Corpus Database

Overview

Corpus Database - Build Provenance Ledger for Syllable Extraction

This module provides observational tracking for all syllable extractor runs across different tools (pyphen, NLTK, eSpeak, etc.). The database records who ran what extraction, when, with which settings, and what outputs were produced.

This is a build-time tool only - not used during runtime name generation.

Design Philosophy:
  • Observational only: Records outcomes, doesn’t control behavior

  • Append-only: Runs are never modified, only added

  • Tool-agnostic: Works for pyphen, NLTK, eSpeak, or future extractors

  • Queryable: Easy to find “which run produced this file?”

Key Features:
  • Full provenance tracking (inputs, outputs, settings, timestamps)
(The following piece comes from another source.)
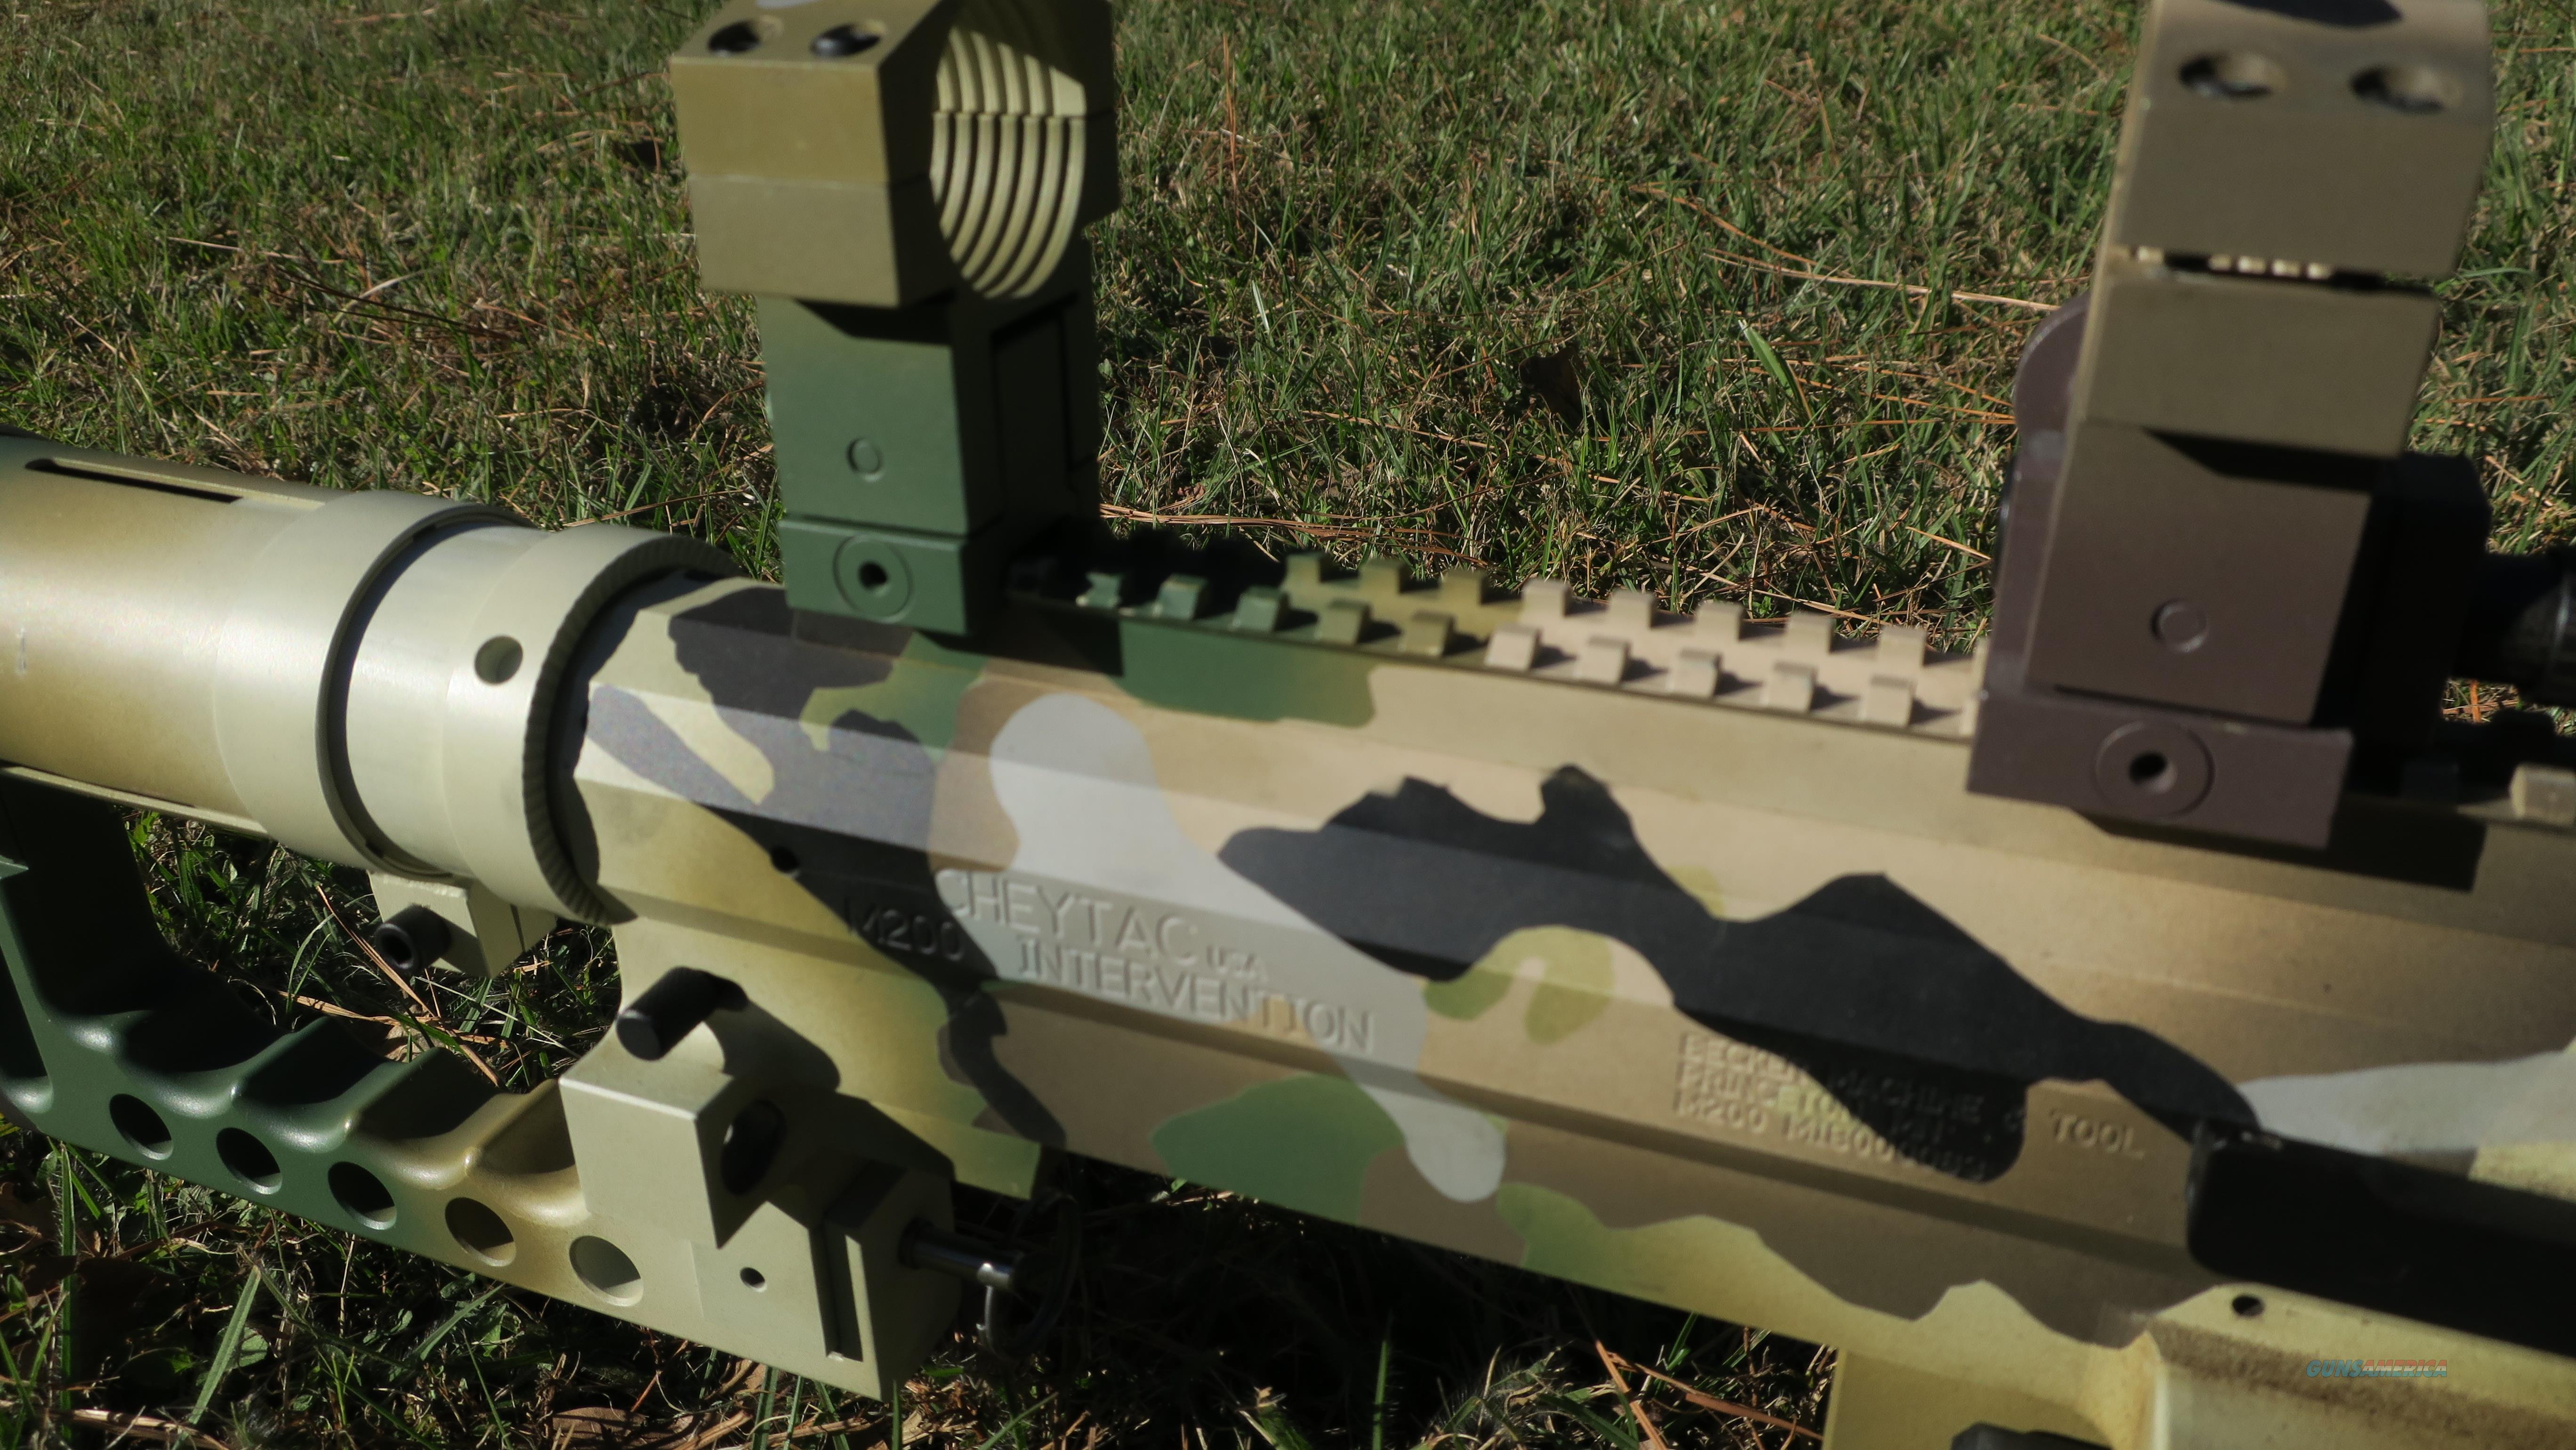 Cheytac M200 Intervention 375 Cheytac Sniper Rifle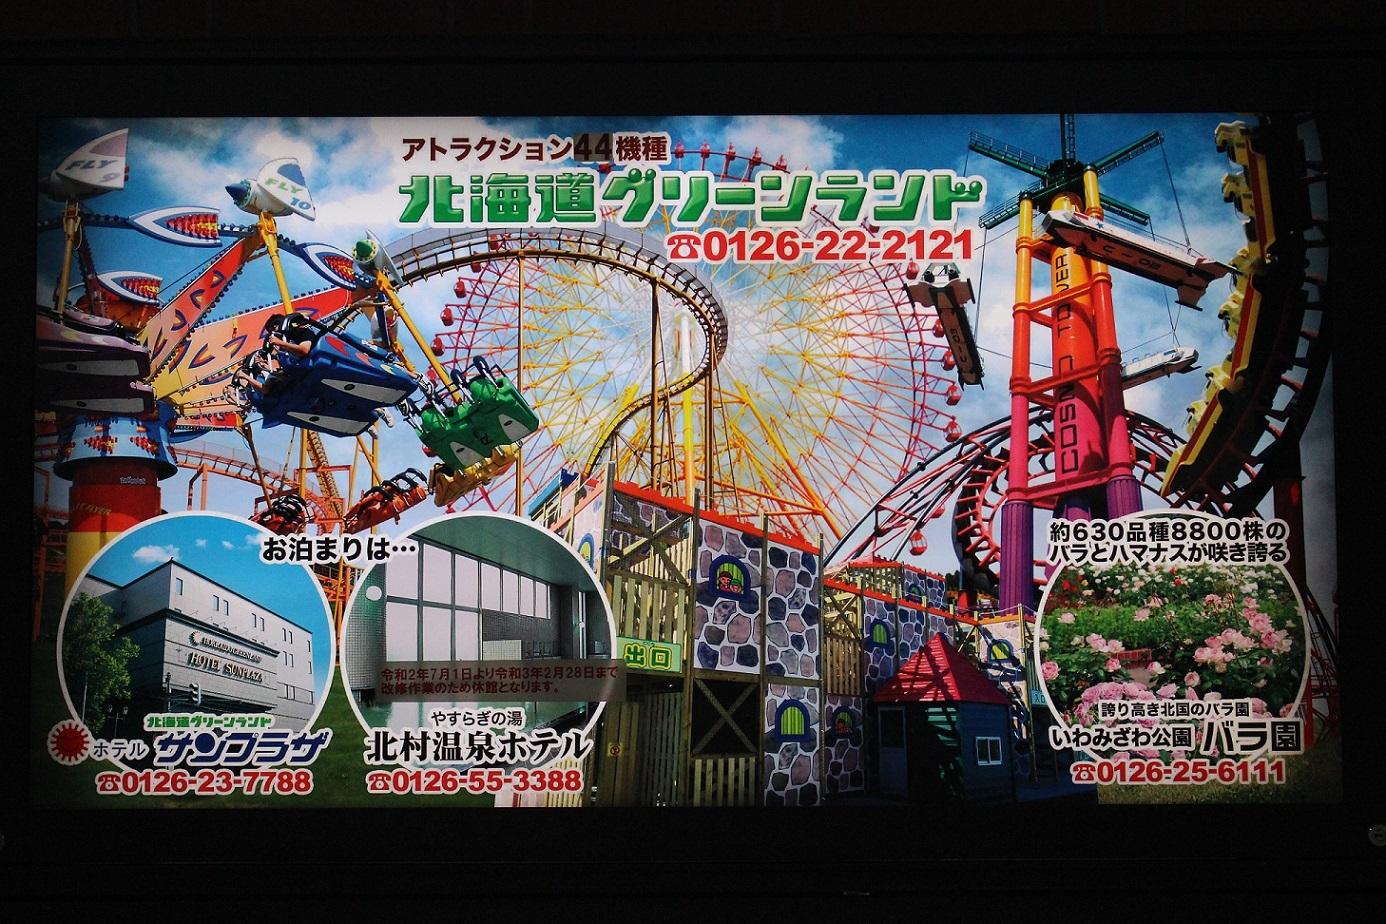 岩見沢駅a124

  • Support for multiple extractor tools

  • Command-line reproducibility via full CLI capture

  • Manual annotation support via notes field

  • Simple query API for run history analysis

Main Components:
  • CorpusLedger: Main API for recording and querying runs

  • SCHEMA_VERSION: Schema version for migration tracking

  • get_schema_description: Human-readable schema documentation

Usage:
>>> from build_tools.corpus_db import CorpusLedger
>>> from pathlib import Path
>>>
>>> # Initialize ledger (creates database if needed)
>>> ledger = CorpusLedger()
>>>
>>> # Start recording a run
>>> run_id = ledger.start_run(
...     extractor_tool="syllable_extractor",
...     extractor_version="0.2.0",
...     pyphen_lang="en_US",
...     min_len=2,
...     max_len=8,
...     command_line="python -m build_tools.syllable_extractor --file input.txt"
... )
>>>
>>> # Record what went in
>>> ledger.record_input(run_id, Path("data/corpus/english.txt"))
>>>
>>> # ... extraction happens (ledger doesn't participate) ...
>>>
>>> # Record what came out
>>> ledger.record_output(
...     run_id,
...     output_path=Path("data/raw/en_US/corpus.syllables"),
...     unique_syllable_count=1234
... )
>>>
>>> # Mark run complete
>>> ledger.complete_run(run_id, exit_code=0, status="completed")
>>>
>>> # Query runs later
>>> recent = ledger.get_recent_runs(limit=10)
>>> for run in recent:
...     print(f"{run['run_timestamp']}: {run['extractor_tool']}")
Common Queries:

# Which run produced this file? >>> run = ledger.find_run_by_output(Path(“data/raw/corpus.syllables”)) >>> print(run[‘command_line’])

# Show all runs using en_GB >>> runs = ledger.get_runs_by_tool(“syllable_extractor”) >>> en_gb = [r for r in runs if r[‘pyphen_lang’] == ‘en_GB’]

# Get overall statistics >>> stats = ledger.get_stats() >>> print(f”Total runs: {stats[‘total_runs’]}”) >>> print(f”Success rate: {stats[‘completed_runs’]/stats[‘total_runs’]*100:.1f}%”)

Database Location:

Default: data/raw/syllable_extractor.db Custom: Pass db_path to CorpusLedger(db_path=Path(…))

Context Manager Support:
>>> with CorpusLedger() as ledger:
...     run_id = ledger.start_run(...)
...     # Connection automatically closed on exit

Output Format

Database Schema

The corpus database uses a simple three-table schema to track extraction runs:

runs - One row per extractor invocation

Records all configuration parameters, timestamps, command-line invocations, and execution outcomes. Each run gets a unique ID for tracking.

inputs - Source files/directories processed (many-to-one with runs)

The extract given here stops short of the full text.